Il lavoro creativo ha molto del gioco, senza dubbio, perché le modalità sono spesso ludiche. Gli piace stare in ambienti stimolanti, informali, che a volte ricordano le camerette degli adolescenti e altre volte richiamano la ricchezza luminosa della natura. Molti creativi lavorano bene camminando nel parco, con pennarelli colorati in tasca e un grosso notes tra le mani. O con un registratore. Comunque si spostano da qui a lì senza sentirsi condizionati alla fissità del posto di lavoro, benché abbiano una tana, un pensatoio, in cui si rifugiano quando è il momento del parto.  Stanno bene nei déhors dei caffè, per esempio, assorti nelle loro annotazioni, sul portatile, e al contempo immersi nel flusso delle persone e nello spettacolo vivace della strada o della piazza.
Ma si è fuori completamente se si pensa che questa sia mancanza di disciplina. I creativi hanno bisogno di tempi di grande concentrazione, in pieno isolamento, e di tempi di flusso di stimoli a ruota libera. E loro sanno muoversi autonomamente e senza impaccio da un tempo all’altro.


Il fatto è che il creativo ha afferrato che le modalità del processo creativo sono molto lontane da quelle del lavoro meccanico. Il taylorismo cui siamo abituai a immaginare il lavoro era una teoria scientifica del lavoro, solo a patto che si trattasse di lavoro meccanico. Una conoscenza sempre più precisa dei processi creativi produce stili di lavoro che sono l’antitesi del taylorismo. Se lì l’efficienza era affidata alla parcellizzazione, standardizzazione, e tempi veloci e costanti dell’esecuzione, l’efficienza della creatività deve seguire una fisiologia del tutto diversa, variabile e avventurosa come la storia di una gravidanza, e assolutamente non inquadrabile in una routine monotona e ripetitiva


Per questo il creativo ama la libertà, l’indipendenza. Non perché insofferente della disciplina, ma perché in questo spazio tempo tutto suo può calibrare il suo lavoro secondo le esigenze che viene scoprendo man mano che prende consapevolezza delle condizioni e dei comportamenti che lo rendono più efficace.

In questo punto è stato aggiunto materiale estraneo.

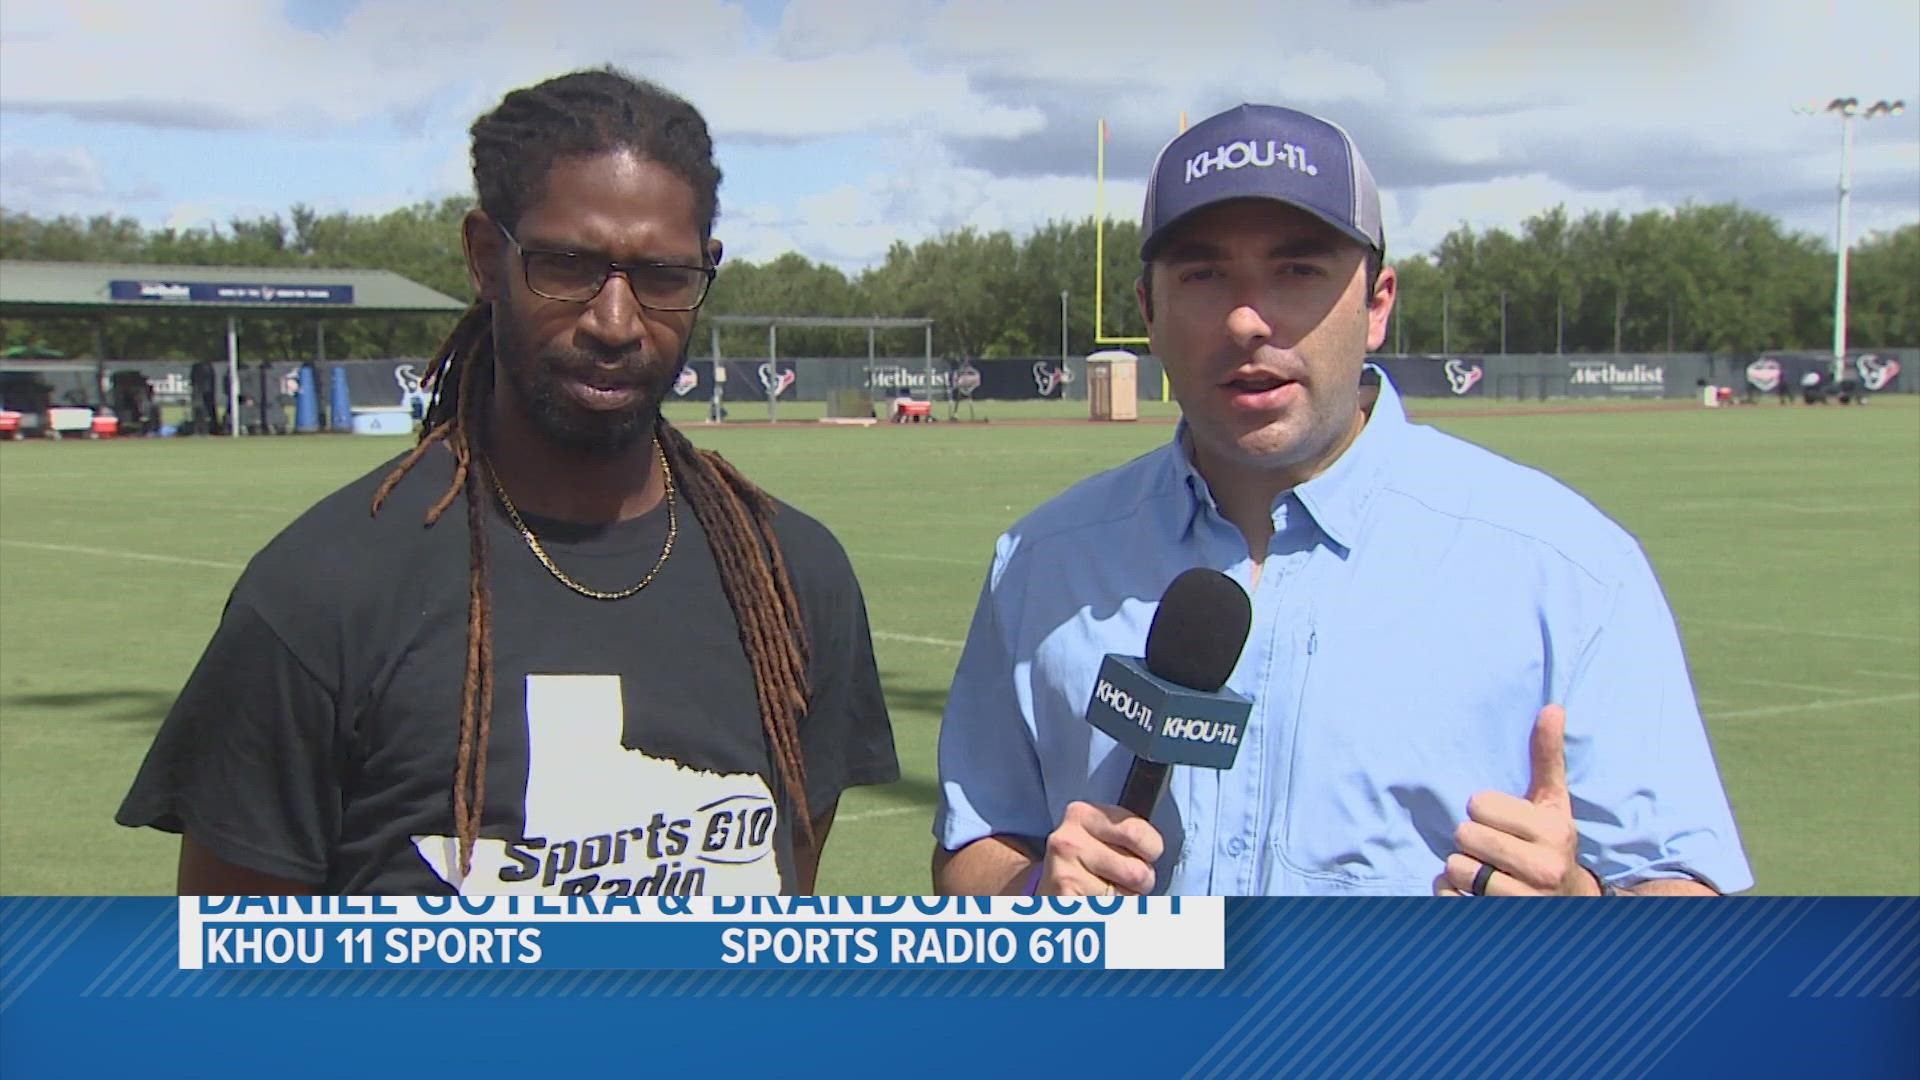 KHOU 11's Daniel Gotera is joined by SportsRadio 610's Brandon Scott to break down the third day of training camp.

Qualcosa del grande movimento ecologico ha raggiunto nel creativo il centro stesso dell’uomo. Dalla cura degli equilibri naturali, dalla salvaguardia delle specie  in pericolo d’estinzione alla lotta contro l’inquinamento del pianeta, quel movimento culturale ha raggiunto l’ecologia della mente e si estende all’ecologia del lavoro. “Puliamo la terra” ha trovato il suo centro sorgivo nel “puliamo la mente”.


Il grigiore della depressione, epidemia dilagante nella nostra era,  si va sciogliendo nell’anima del creativo non in forza di interminabili analisi freudiane, ma in ragione della gioiosa ed eccitante corrente vitale che è connessa con la liberazione dei processi creativi. L’effetto si trasforma in causa. La salute cura la malattia.


Una volta avviatosi per questa strada il creativo non indugia più un attimo nel parcheggio noioso delle lamentele e dei piagnistei. Se si trova in una situazione incancrenita ne esce senza esitazione. Sa che la buona salute dell’anima è la base irrinunciabile di qualsiasi gentilezza, comprensione,  ascolto e compassione.